CogVideo
CogVideo copied to clipboard
Inference but no memory/VRAM using in GPU
System Info / 系統信息
cuda 11.8, A800, pytorch 2.4
Information / 问题信息
- [X] The official example scripts / 官方的示例脚本
- [ ] My own modified scripts / 我自己修改的脚本和任务
Reproduction / 复现过程
python inference/cli_demo.py --prompt "xxx"
Expected behavior / 期待表现
I turn off all of the four options during the inference because I think A800 80G(the text-encode and transformer is about 20G) is enough and get the minimum latency.

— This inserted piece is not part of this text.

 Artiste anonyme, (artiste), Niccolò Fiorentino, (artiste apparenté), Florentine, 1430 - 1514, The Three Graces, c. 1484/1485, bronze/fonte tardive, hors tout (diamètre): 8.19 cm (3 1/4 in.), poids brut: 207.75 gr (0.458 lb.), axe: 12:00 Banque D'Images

But it takes me 50 minutes to finish one step and no VRAM using.
When I added the following according to #197 , it takes about 20 seconds to finish one step.

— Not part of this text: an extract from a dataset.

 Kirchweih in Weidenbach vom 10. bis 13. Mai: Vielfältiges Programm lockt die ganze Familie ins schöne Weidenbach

pipe.enable_model_cpu_offload()
pipe.vae_enable_tiling()
If I want to load all the model to GPU, what should I do? thx
remove all of these two code and then pipe.to("cuda")
请问解决了么?同样使用a800,CUDA12.4 尝试了上述的所有,都没有解决。
把scheduling_ddim_cogvideox.py中改一下prev_timestep = int(prev_timestep.to('cpu').item())可以解决~
remove all of these two code and then pipe.to("cuda")
I have made it.